Надо полагать, что в 8 году об этой переписке стало известно Августу, который и обратил свой гнев на Овидия. Так как эта связь в свою очередь касалась, хоть и косвенно, Тиберия (третьего мужа Юлии), то став императором естественно он и не собирался амнистировать опального поэта.
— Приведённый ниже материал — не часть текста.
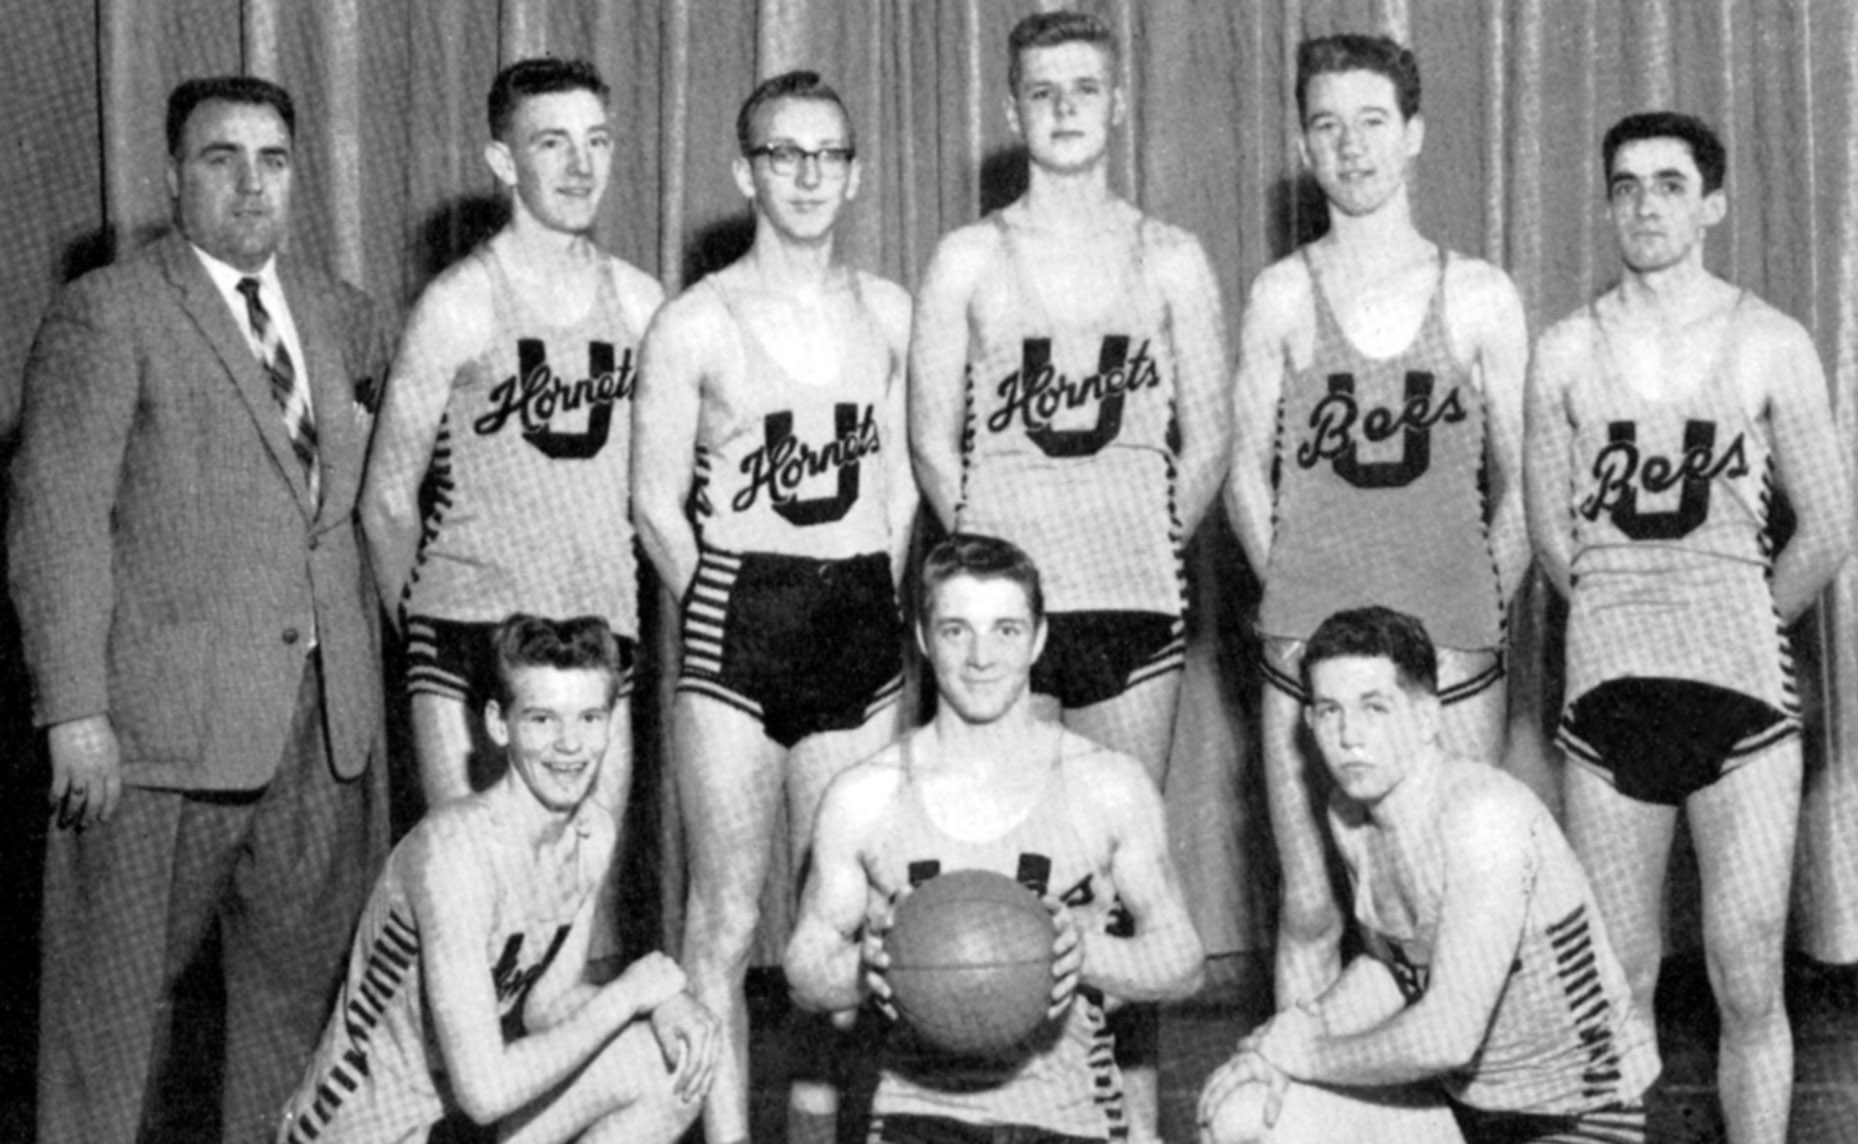 (Click to magnify): FRONT ROW: Jack Ballinger, L. Taylor, J. Sargeant; BACK ROW: Mr. Ray Newton, K. May, D. Whitney, P. Harris, Murray Prentice, Bruce Shillinglaw.

Пушкин, описывая в «Евгении Онегине» судьбу Овидия опирался на его автобиографическую элегию из «Тристий», обращённую к жене:
 
Болен, неведомо где, у краёв неизвестного мира,
В выздоровленье своём был не уверен я сам.
Вообрази, как страдал я душой, не вставая с постели,
В дикой стране, где одни геты, сарматы кругом.
Климат мне здешний претит, не могу и к воде я привыкнуть,
Здесь почему-то сама мне и земля не мила.
Дом неудобный, еды не найдёшь, подходящей больному,
Некому боли мои Фебовой лирой унять;
Друга здесь нет, кто меня утешал бы занятным рассказом
И заставлял забывать времени медленный ход.
Изнемогая, лежу за пределами стран и народов
И представляю с тоской все, чего более нет.

В своих «Скорбных элегиях», Овидий представляет жизнь в ссылке, как череду однообразных дней. Хотя из его переписки с женой и друзьями известно, что он пользовался особым вниманием со стороны местной аристократии: был увенчан священным венком, подтверждающим его высокий общественный статус, освобождён от налогов, был званым гостем на всех пирах знати.
Не смотря на то, что в 14 году Август умирает, Овидий так и не дождался амнистии вплоть до самой своей смерти в 18 г.

Надо полагать, что Пушкин во многом отождествлял себя с Овидием, и его кишинёвская ссылка связала Евгения Онегина со ссыльным Назоном.



[1] Именно тогда в Великую Ложу, носящую имя греческой богини справедливости Астреи, было передано обращение с просьбой о принятии новой ложи «открывающейся к востоку, в Кишинёве».

[2] См. «Вифлеемская звезда Пушкина» в разделе «История».